Start of Data provided
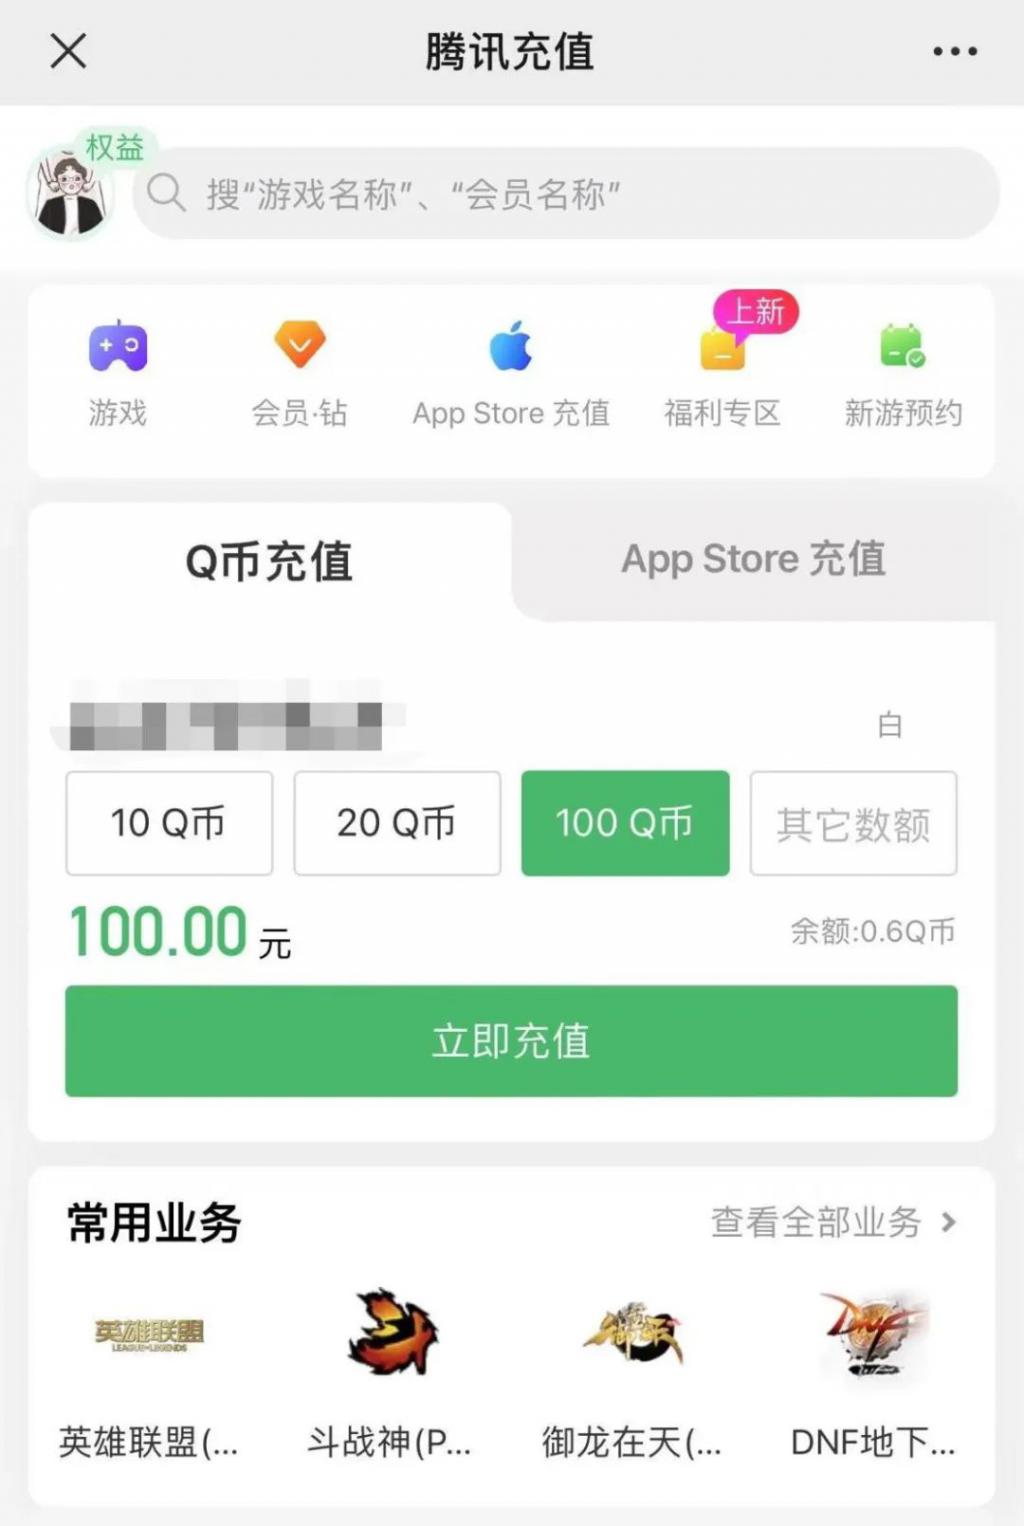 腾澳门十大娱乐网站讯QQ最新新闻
End of Data provided
Start of Data provided
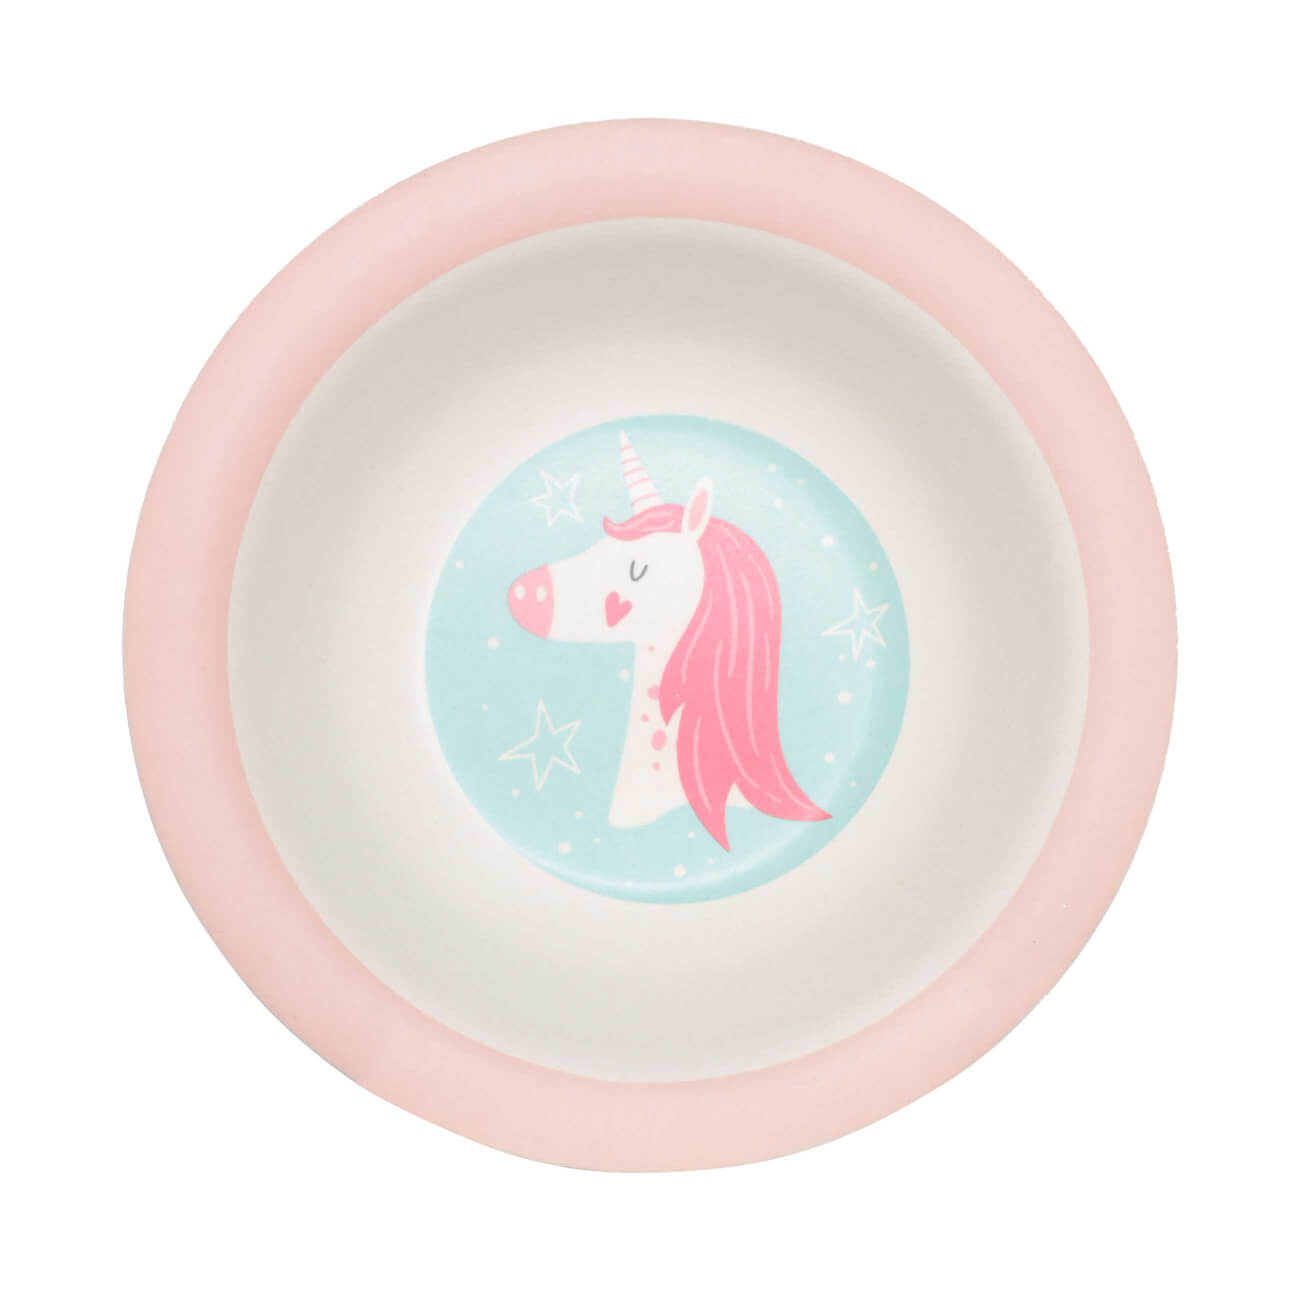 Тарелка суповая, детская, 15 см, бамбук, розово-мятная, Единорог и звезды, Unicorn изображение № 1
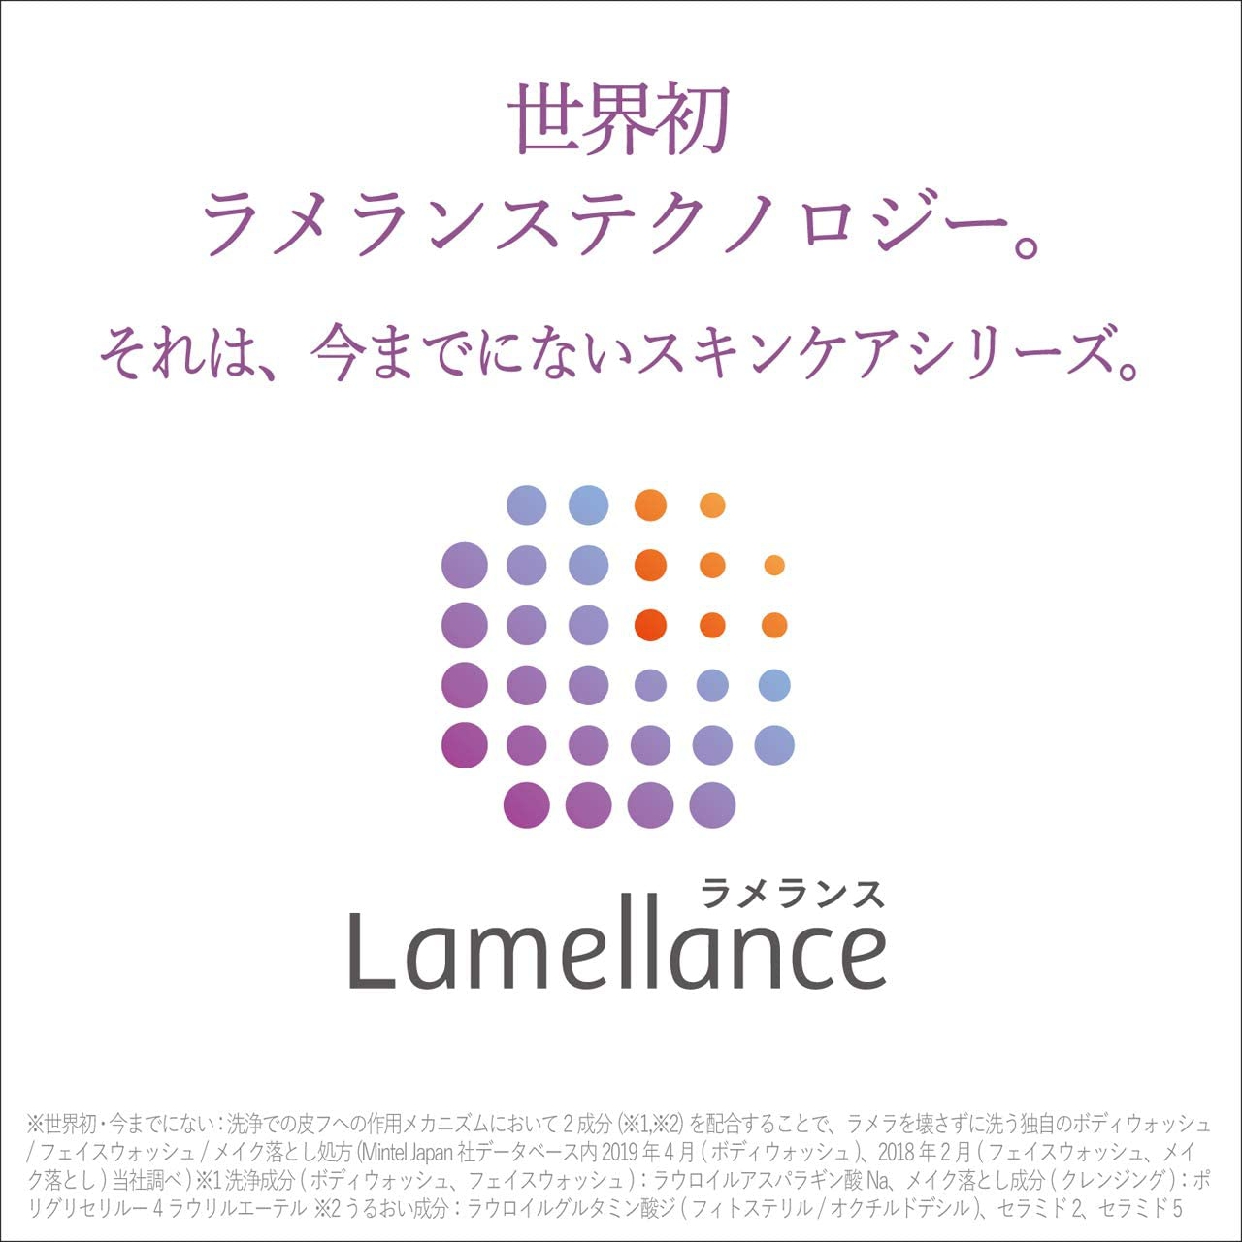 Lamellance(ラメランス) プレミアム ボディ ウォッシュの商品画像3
End of Data provided
### Aim of the exercise
Copy the lines above exactly, starting with the line that contains "Тарелка суповая, детская, 15" and ending with the line that contains "Lamellance(ラメランス) プレミアム ボディ ウォッシュの商品画像3", and leave out any pictures.

### Response
 Тарелка суповая, детская, 15 см, бамбук, розово-мятная, Единорог и звезды, Unicorn изображение № 1
 Lamellance(ラメランス) プレミアム ボディ ウォッシュの商品画像3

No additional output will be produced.